**TASK ITEM**:
Please transcribe the listing below in full, exactly as written, leaving out its pictures.

== INFORMATION SUPPLIED ==

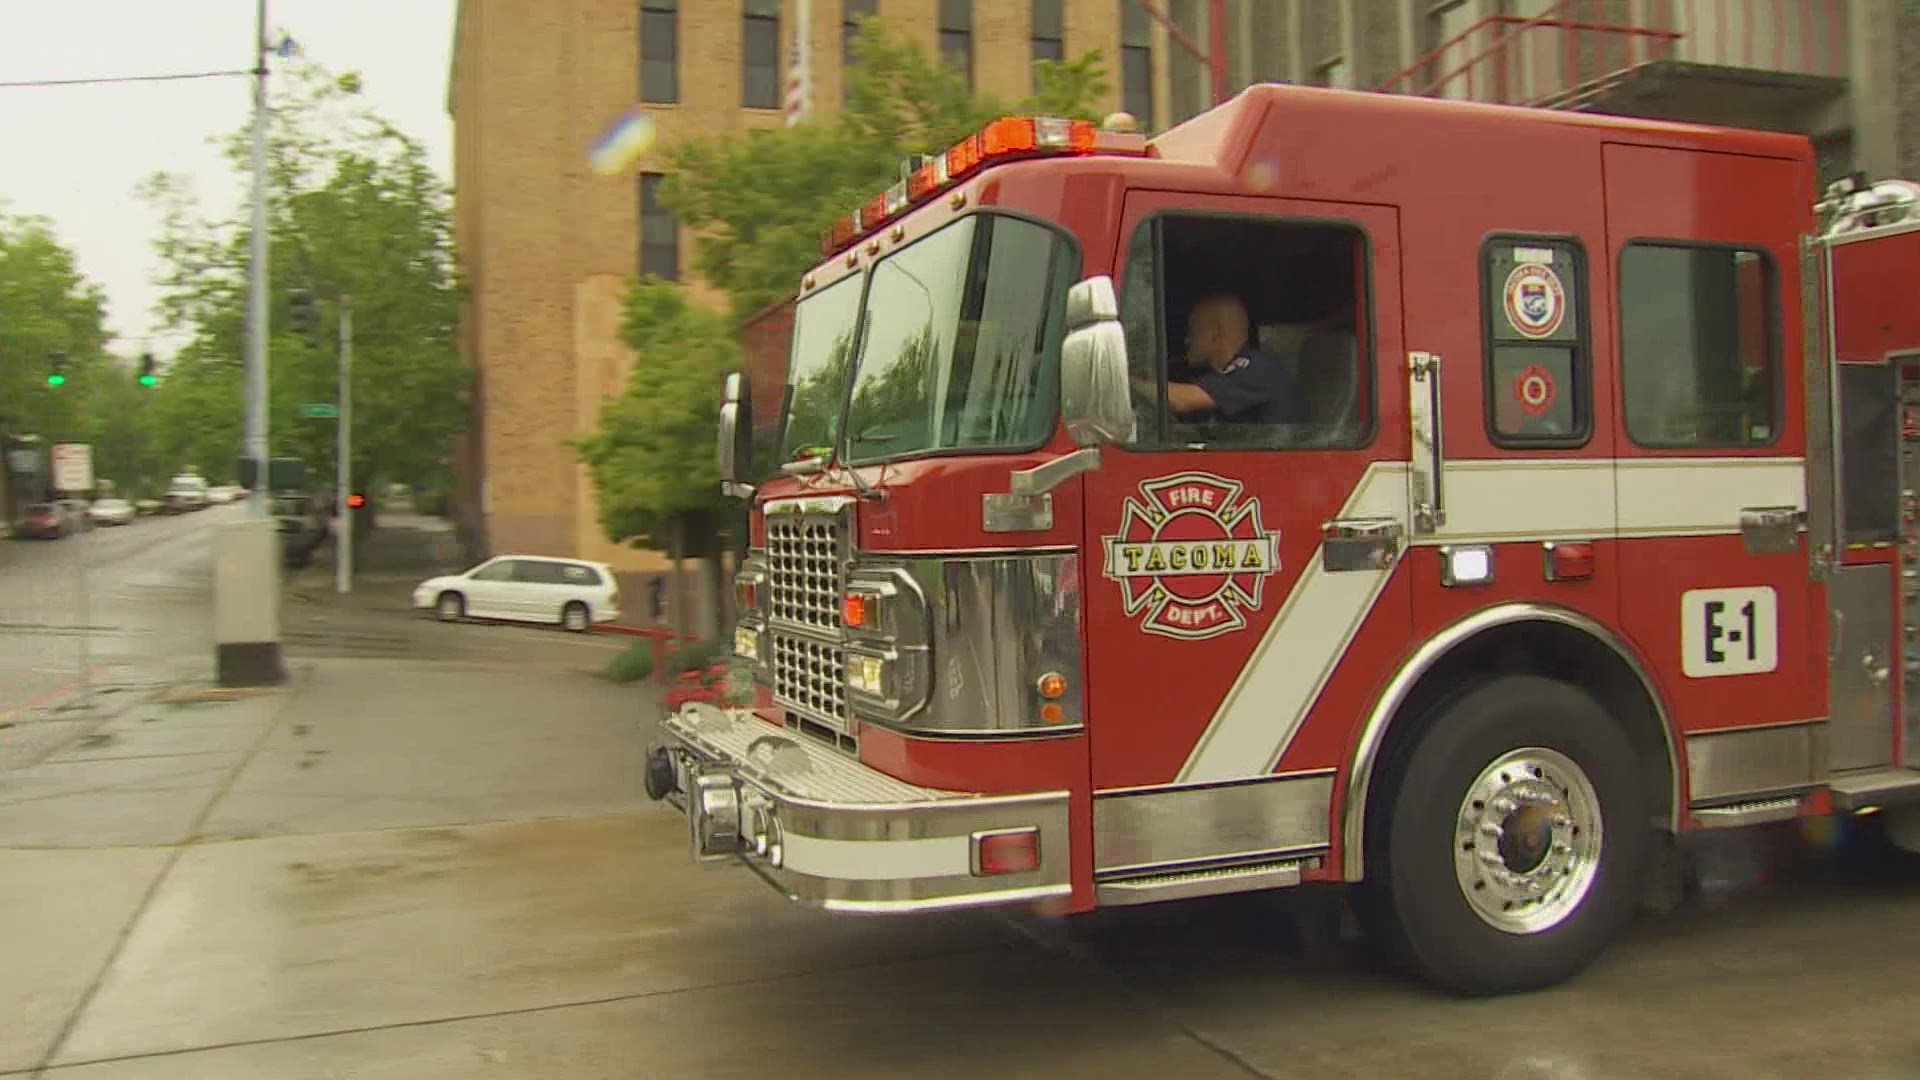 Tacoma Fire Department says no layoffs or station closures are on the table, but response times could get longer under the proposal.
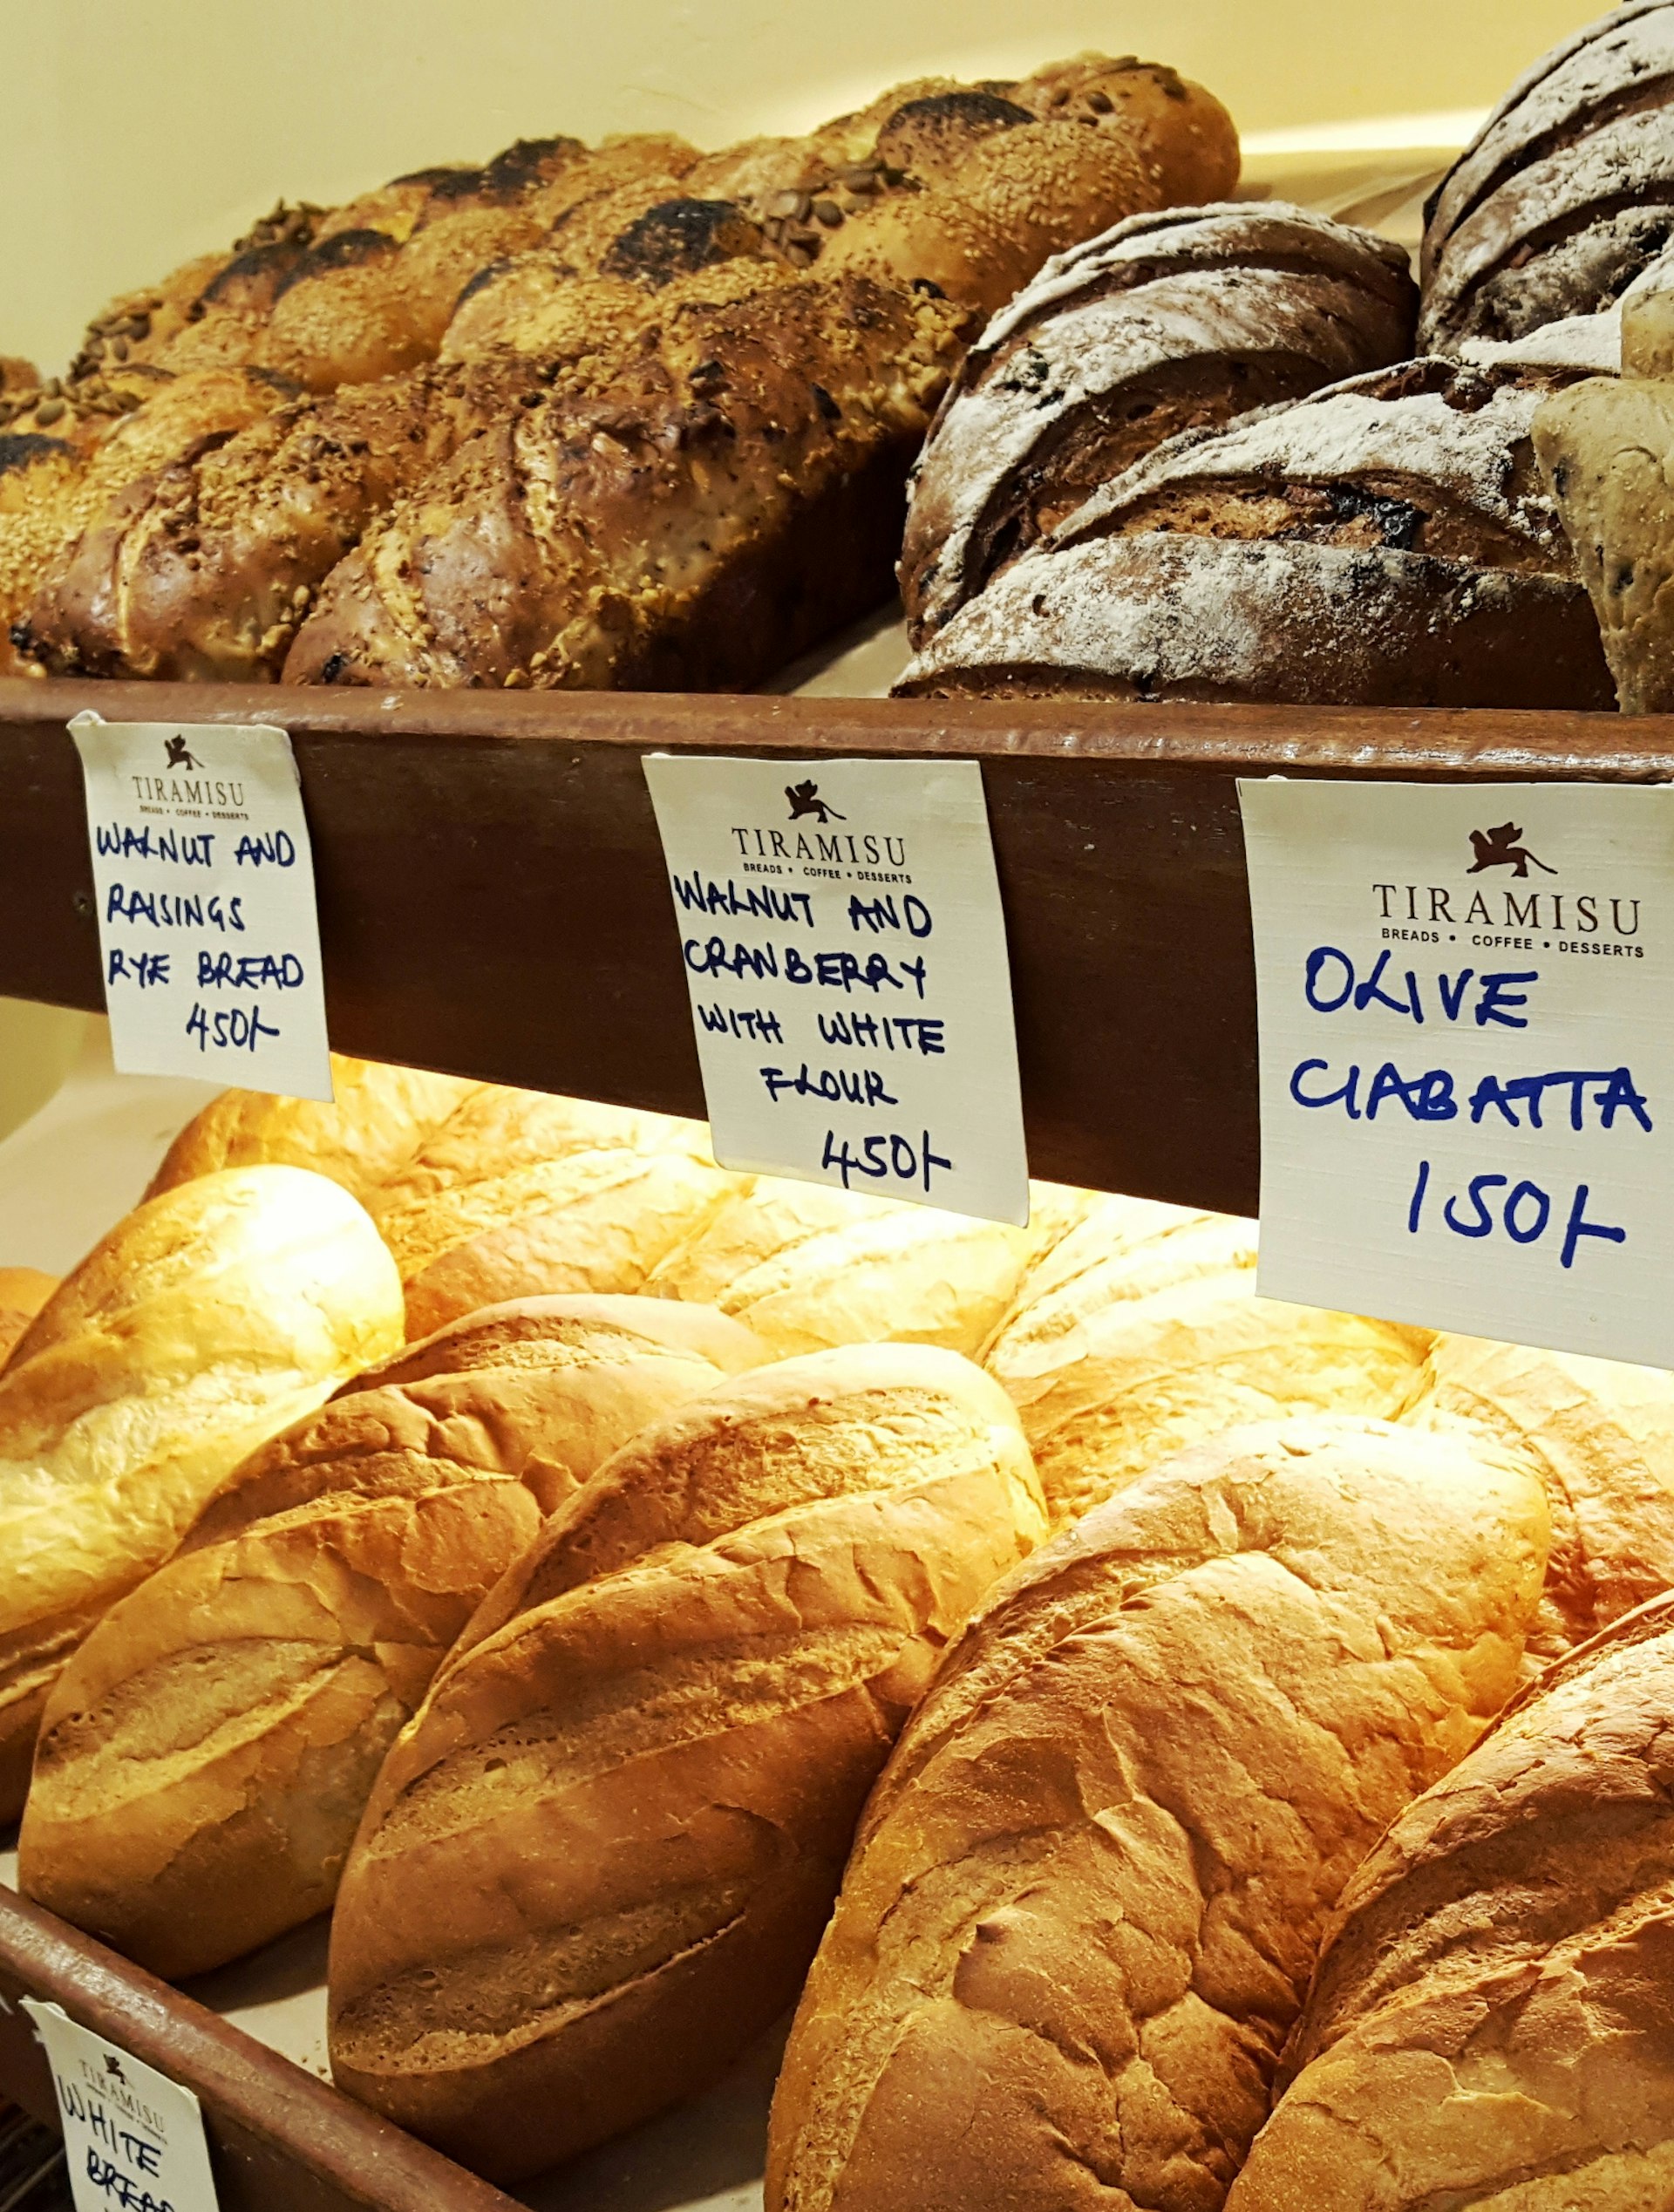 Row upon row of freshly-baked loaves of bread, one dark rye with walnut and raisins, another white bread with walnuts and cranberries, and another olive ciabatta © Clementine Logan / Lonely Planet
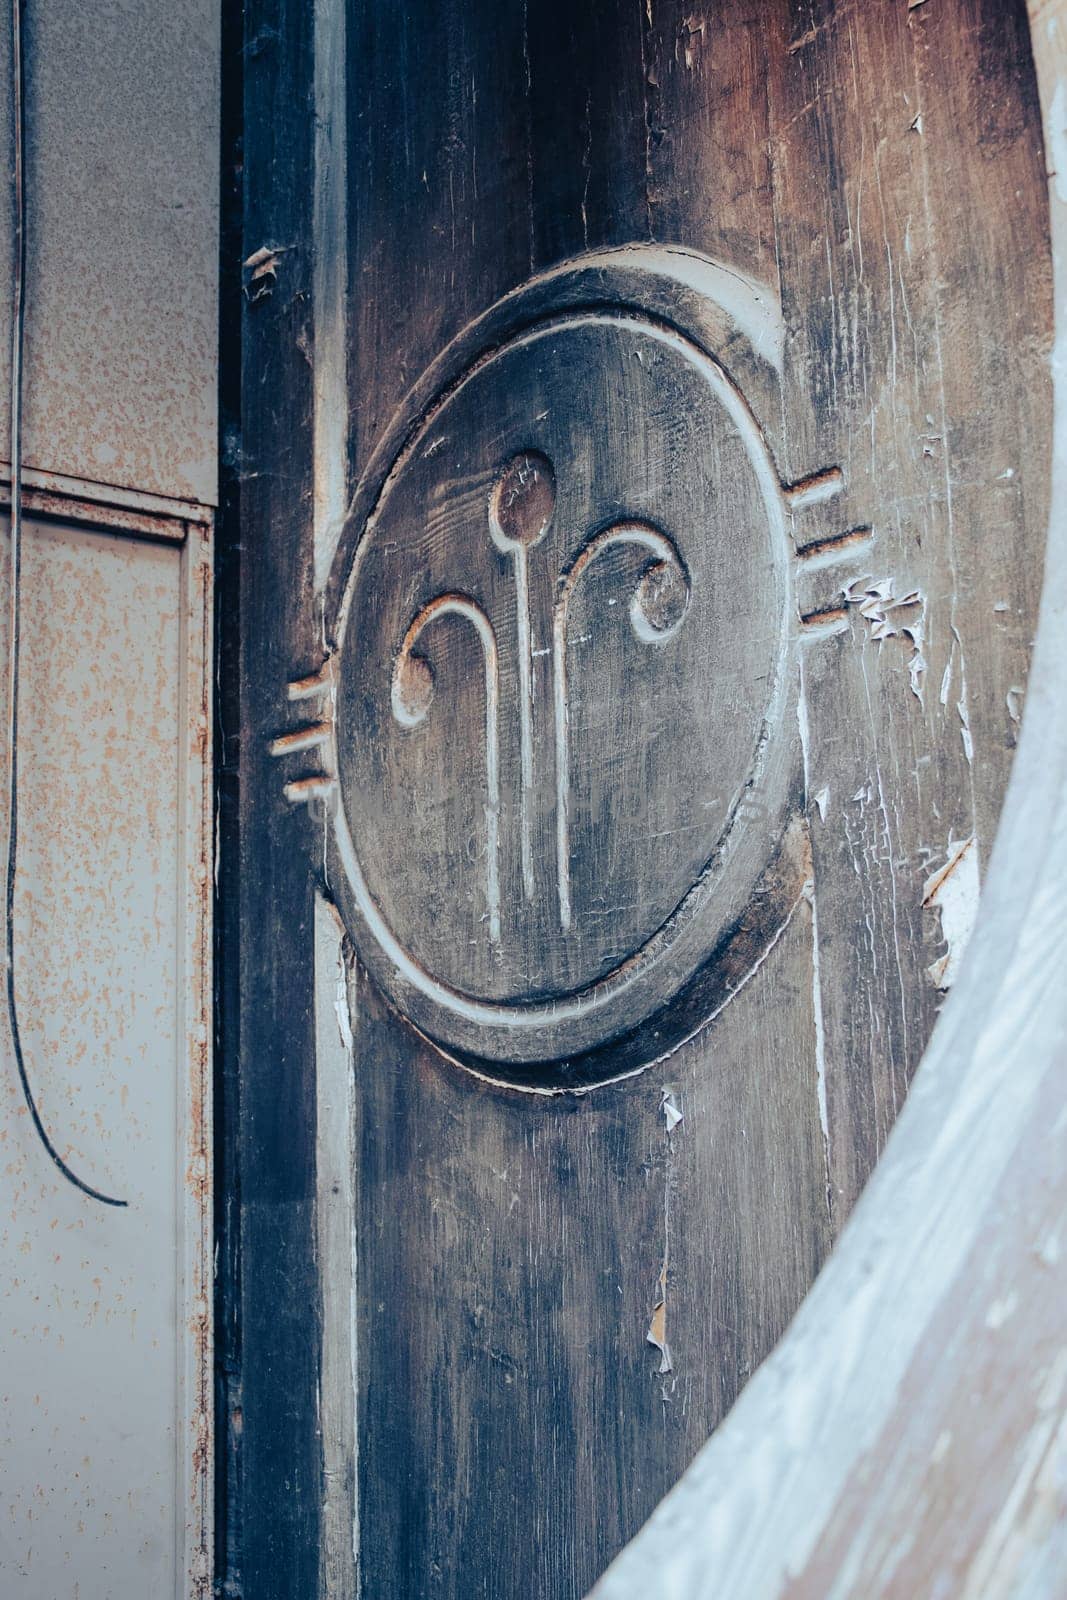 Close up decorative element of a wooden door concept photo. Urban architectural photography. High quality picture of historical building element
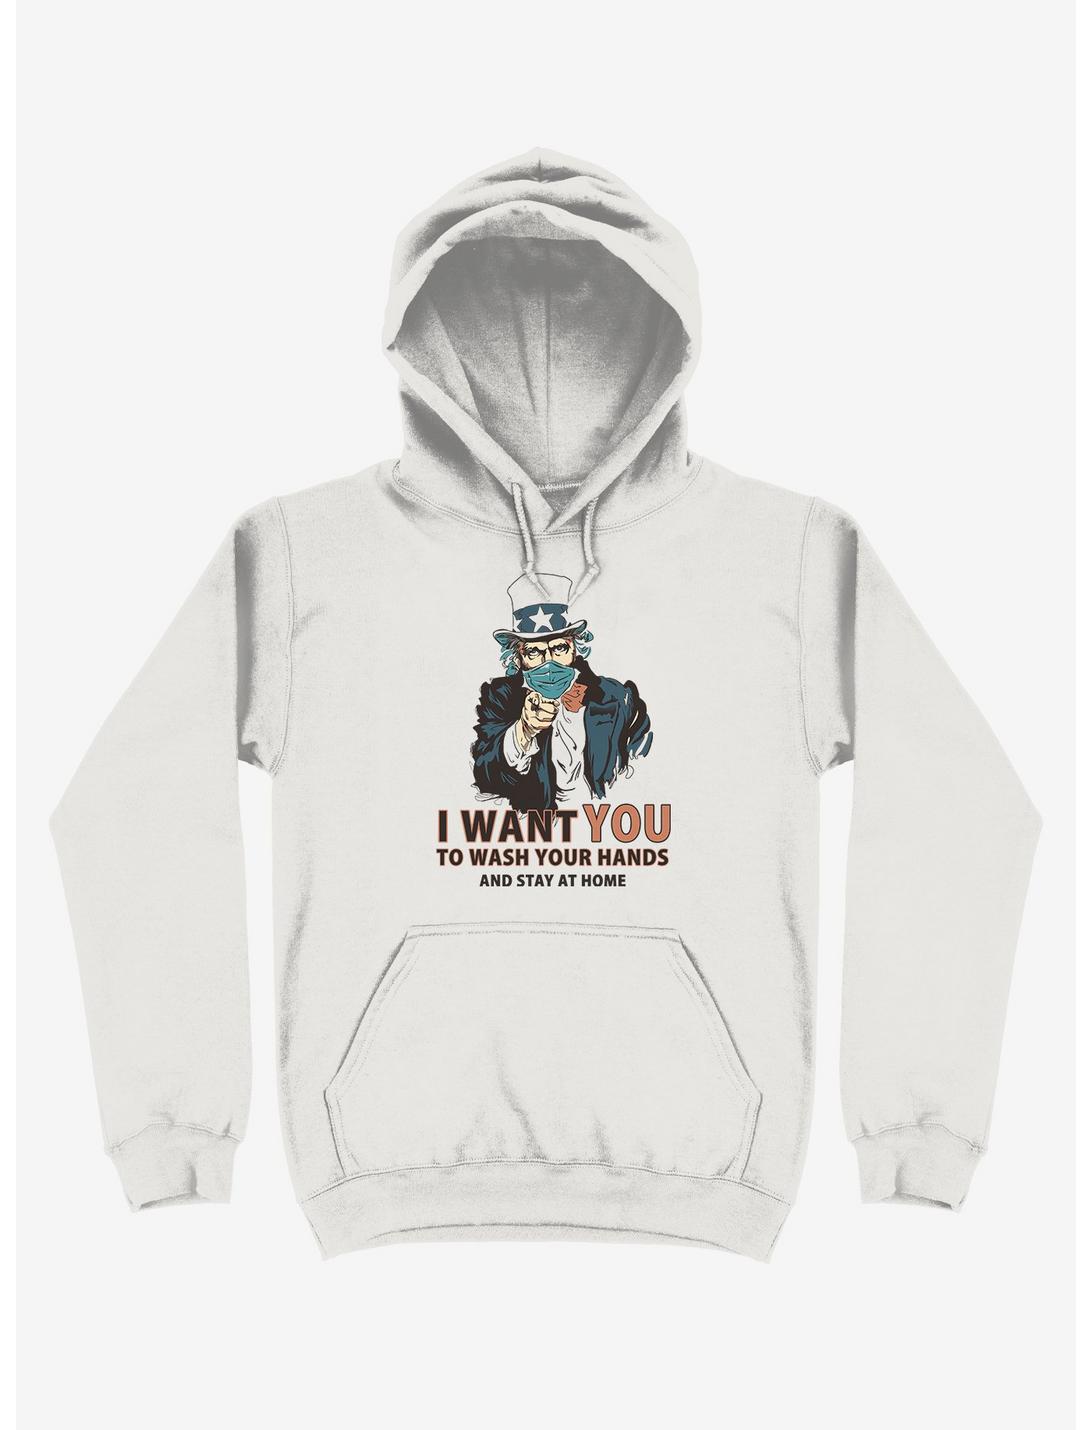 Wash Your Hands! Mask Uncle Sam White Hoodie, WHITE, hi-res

===

**FINAL ANSWER**:
 Tacoma Fire Department says no layoffs or station closures are on the table, but response times could get longer under the proposal.
 Row upon row of freshly-baked loaves of bread, one dark rye with walnut and raisins, another white bread with walnuts and cranberries, and another olive ciabatta © Clementine Logan / Lonely Planet
 Close up decorative element of a wooden door concept photo. Urban architectural photography. High quality picture of historical building element
 Wash Your Hands! Mask Uncle Sam White Hoodie, WHITE, hi-res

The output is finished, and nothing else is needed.